Remit Training has since conducted an online poll in which household-name employers and many training providers participated. Of these, 88 per cent of participants agreed that the maths aim needs reform. The key objective should be to reduce and achieve contextualisation of the curriculum to be more relevant to the apprenticeship.

Funded for success

The same proportion of respondents agreed that the separate funding rate, unchanged since May 2017, requires a significant uplift.

Our calculation is that the rate needs to be £1,800 to adequately cover monthly taught sessions with each apprentice. Without it, lower functional skills attainment will remain a major factor in the disappointing apprenticeship completion rates overall, which undoubtedly damages the brand.

Apprenticeship funding in general has not increased over the past six years, and in some cases has gone down. Over the same period since March 2017, the rate of inflation (Retail Price Index, RPI) has increased by 36 per cent in absolute terms.  It is hardly surprising therefore that we hear almost weekly stories of providers going bust or withdrawing from apprenticeships.

Some observers may not care about providers, but they should at least care about the futures of thousands of young apprentices who are left in the lurch. An announcement on remedial action since promises on funding were made in early November cannot be delayed any longer.   

The DfE’s apprenticeships director, Peter Mucklow recently visited Remit Training’s automotive apprentice academies in Derby. There, he saw the high level of investment needed to provide good quality training as the UK responds to the surge in new electric vehicle registrations.
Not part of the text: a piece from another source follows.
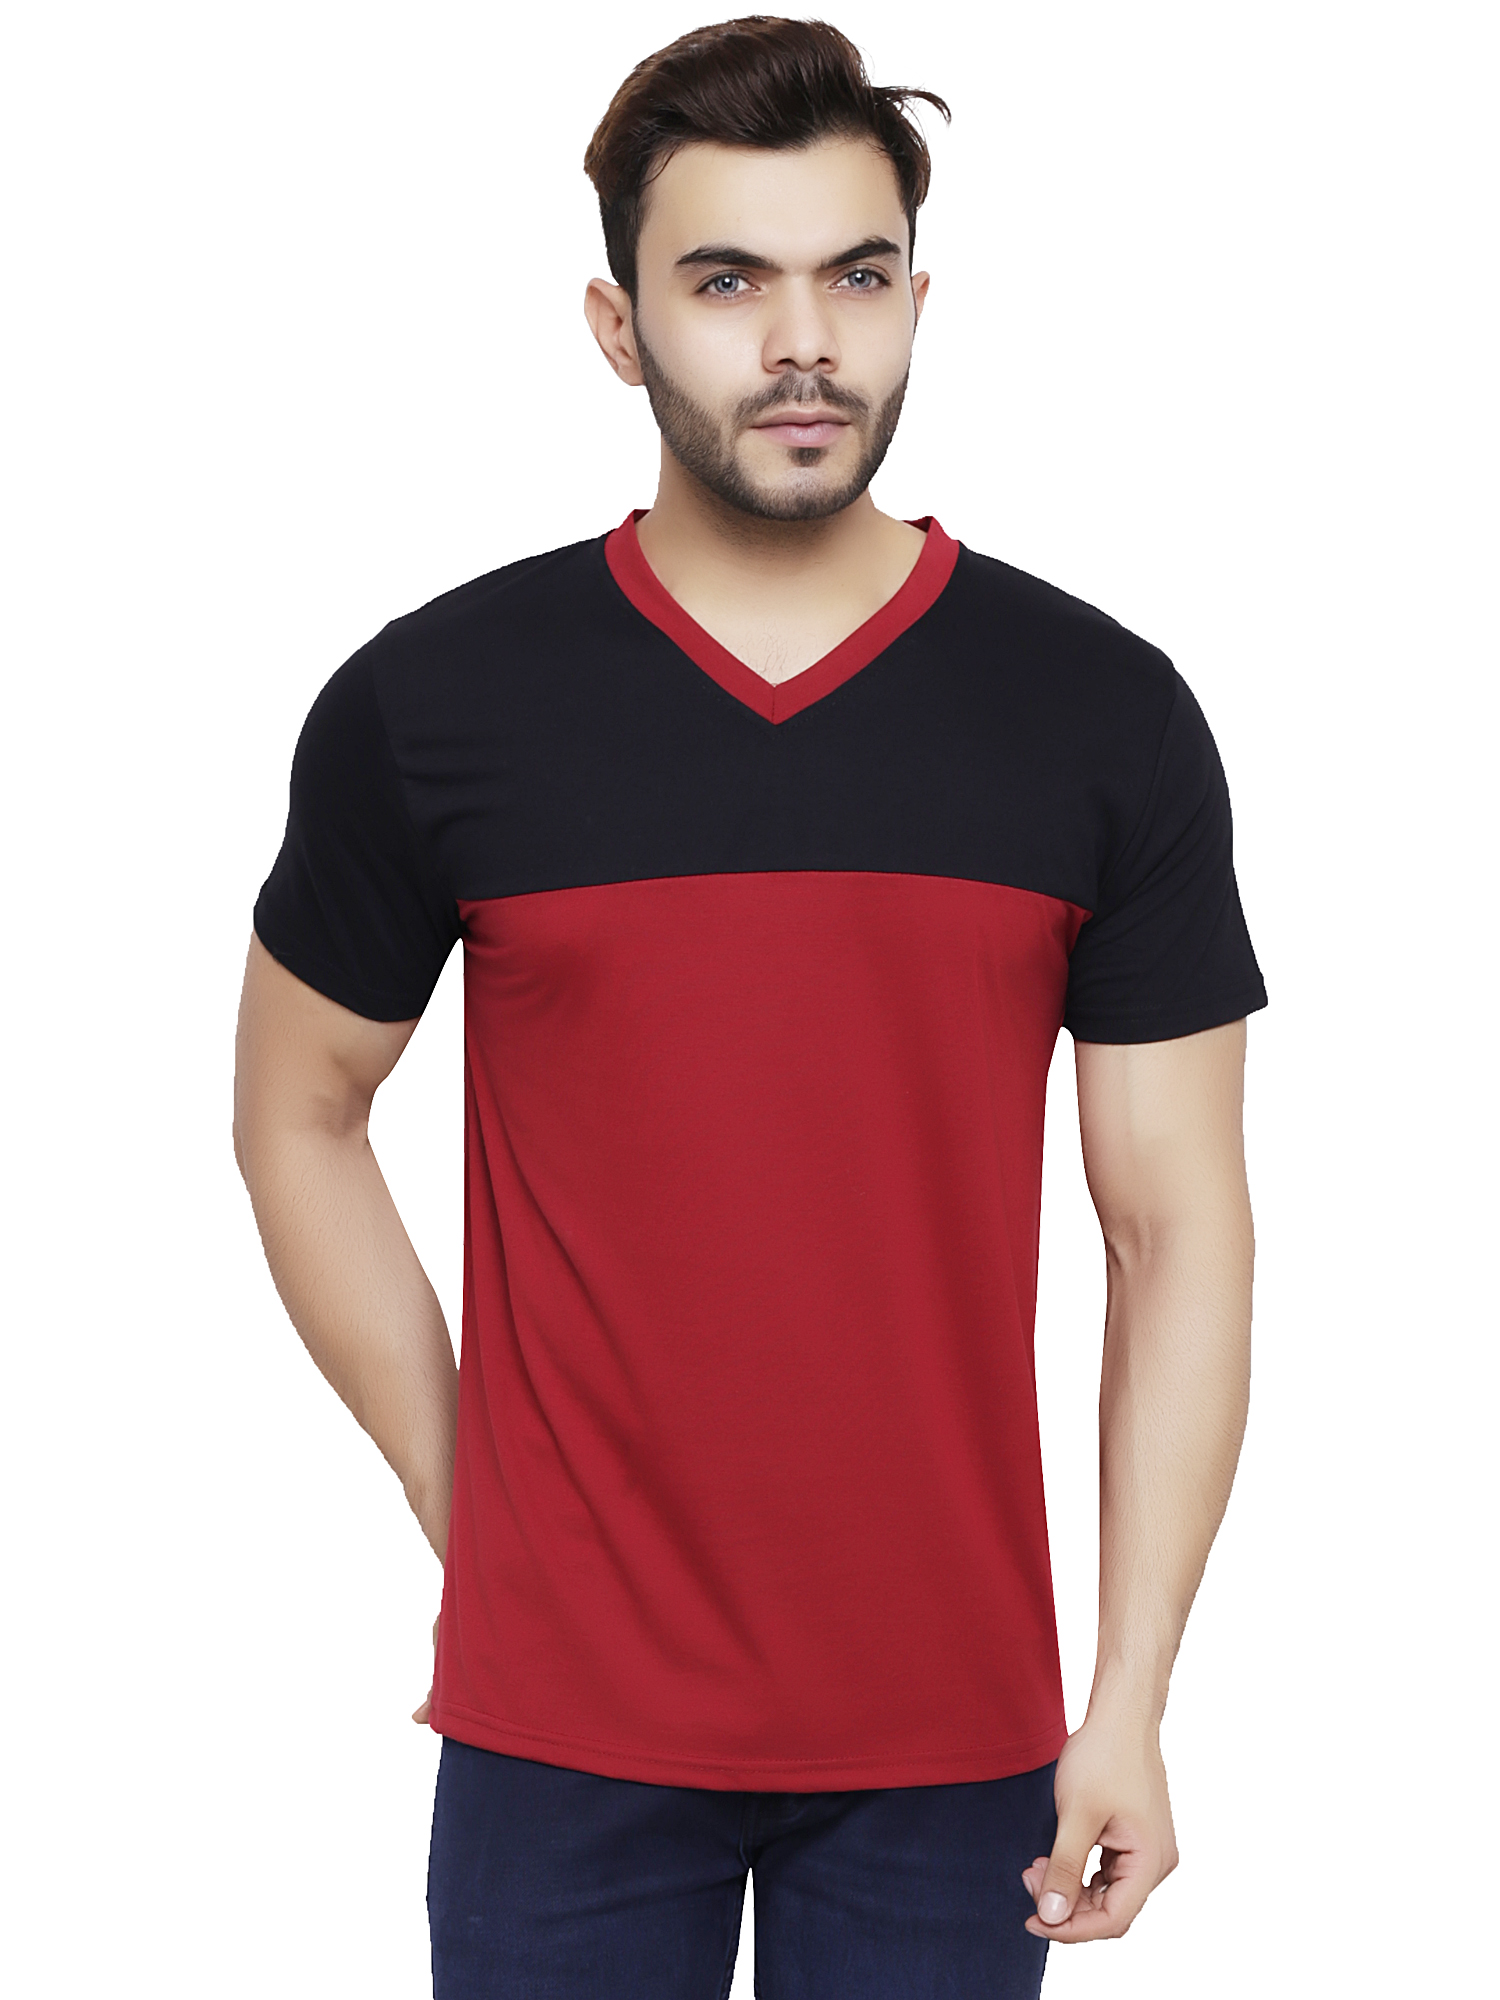 ZETE029 Black Maroon V Neck T Shirt For Men

We emphasised that we had to generate commercial training income in order to pay for our apprenticeship provision and grow it, adding that inflation has turned our HGV technician apprenticeship programme into a loss-maker. It means that Remit has to find alternative ways to raise funds to establish more academies when the economy needs these vital skills to keep our supply chains moving.

Consistent messaging

Lastly, the mark of any successful brand is its attractiveness to potential consumers. But apprenticeships are still not competing with other sectors on a level playing field. To attract more young people to apprenticeships, we should review how best to work with schools on the Baker Clause requirements for providing information and guidance to pupils.

Instead of potentially lots of providers trying to come into schools carrying different messages, a collaborative approach is needed to agree a manageable programme of visits. The government should also commission some bite-sized videos featuring apprenticeship completers talking about opportunities opened, career progression and increased earnings. 

The key point emanating from independent training providers is that boosting the apprenticeship brand is not just about government funding. There are other changes with the potential to make the programme much more attractive to employers and young people, which all need government vision and leadership.

And of course, funding has to be addressed urgently too.